_DIRECTIONS FOR THIS TASK:_ Going down the data below, set down exactly the line with "Trek Wine glass" and each line after it through the line with "ISO-TECH ICMA9 Clamp"; no other lines.

_INFORMATION SUPPLIED:_
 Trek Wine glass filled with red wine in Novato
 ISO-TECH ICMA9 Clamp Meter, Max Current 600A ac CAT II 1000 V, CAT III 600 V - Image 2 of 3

---

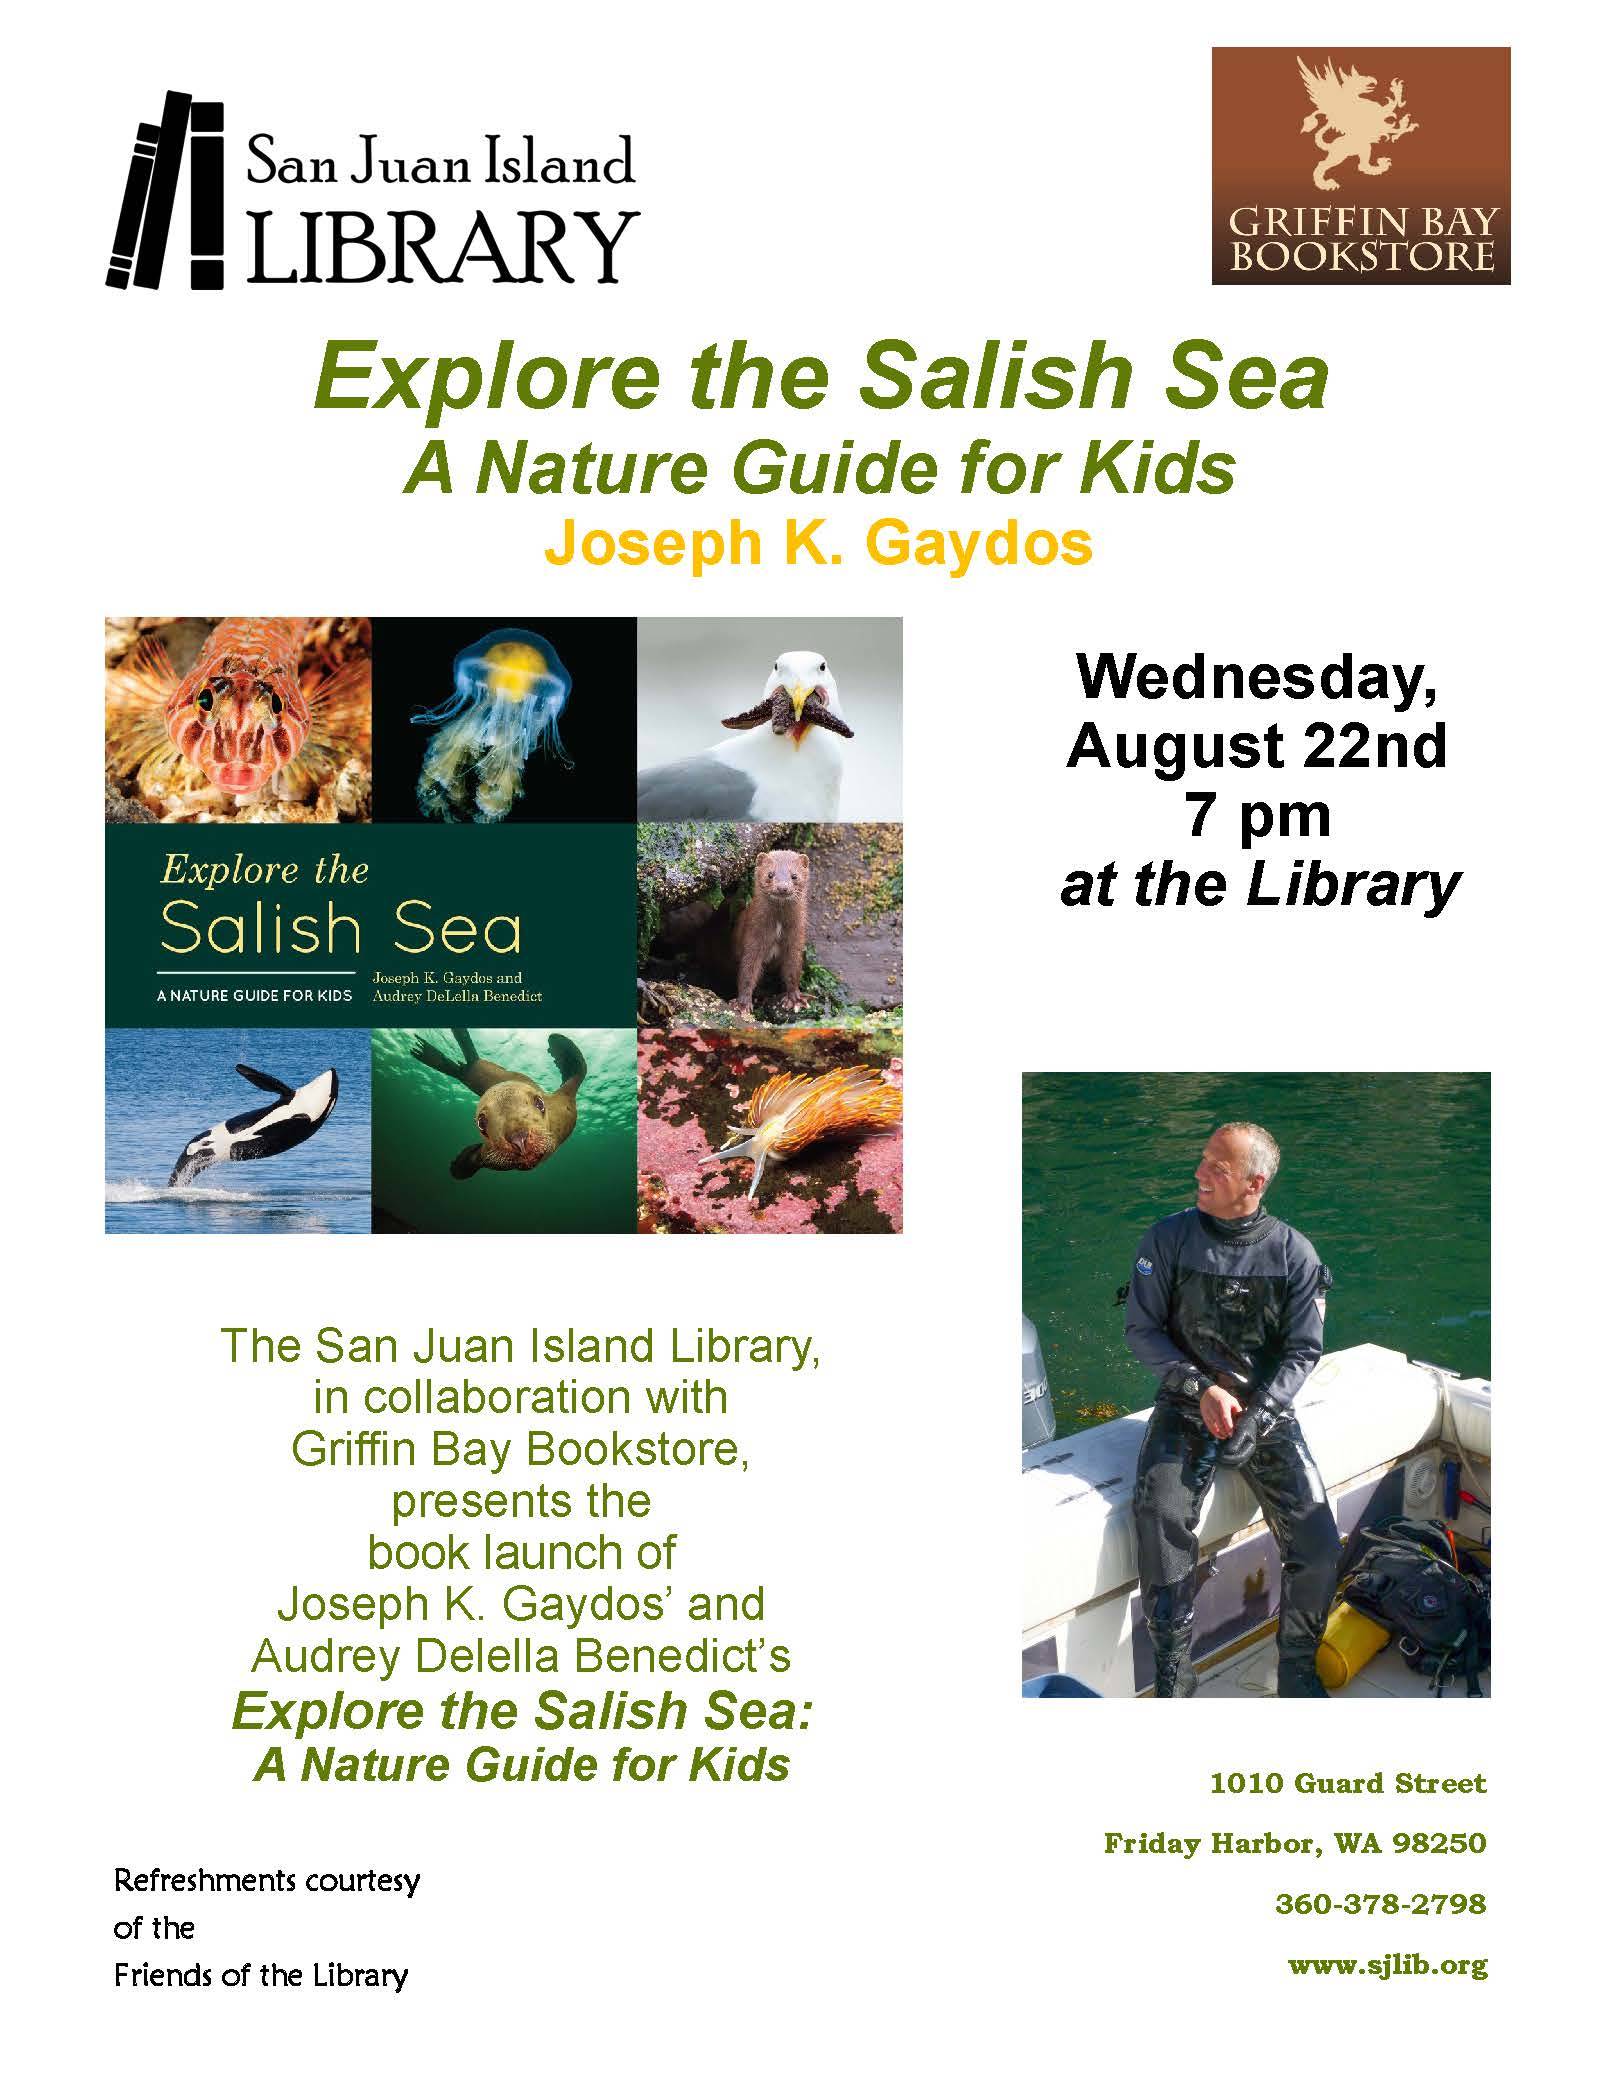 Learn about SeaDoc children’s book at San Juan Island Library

==

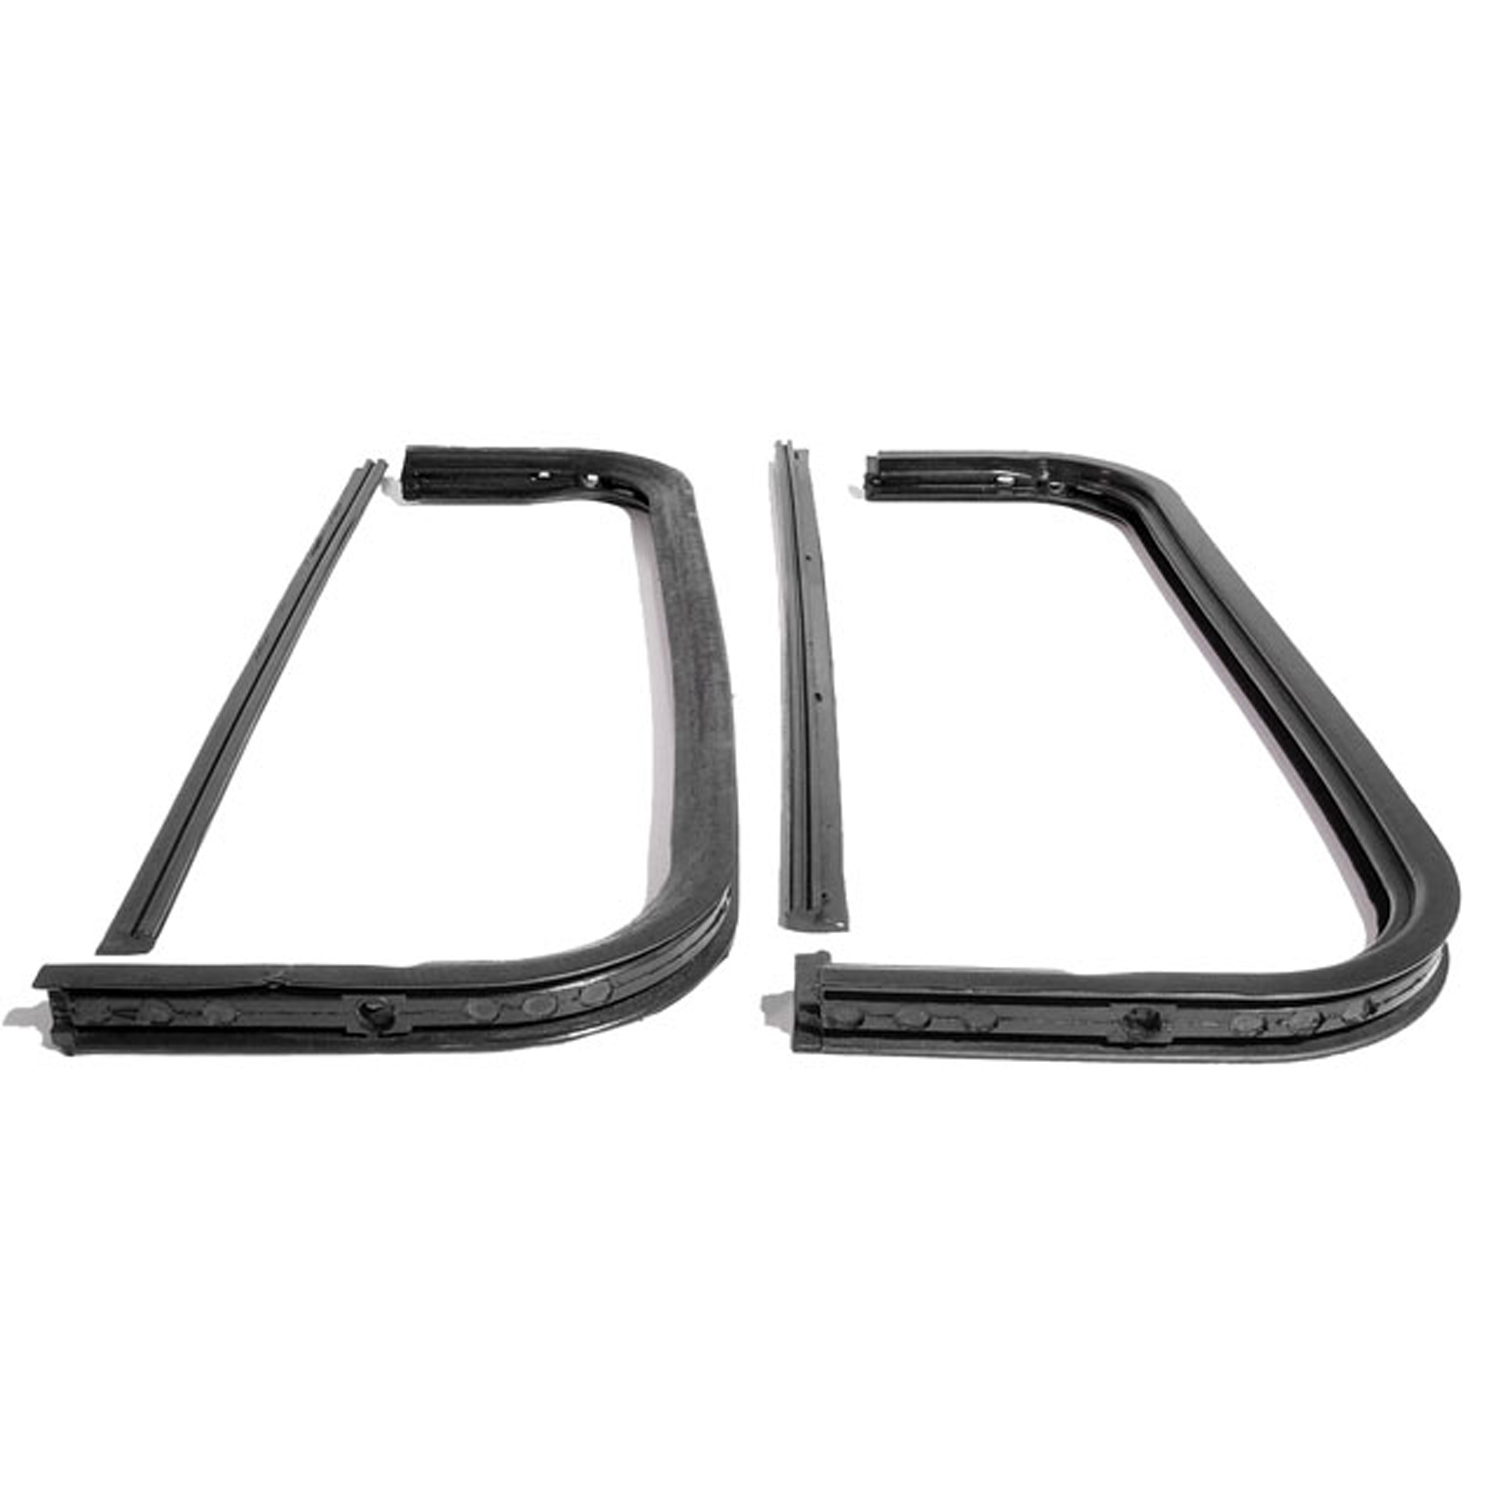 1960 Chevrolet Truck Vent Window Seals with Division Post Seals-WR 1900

_EXERCISE OUTPUT:_
 Trek Wine glass filled with red wine in Novato
 ISO-TECH ICMA9 Clamp Meter, Max Current 600A ac CAT II 1000 V, CAT III 600 V - Image 2 of 3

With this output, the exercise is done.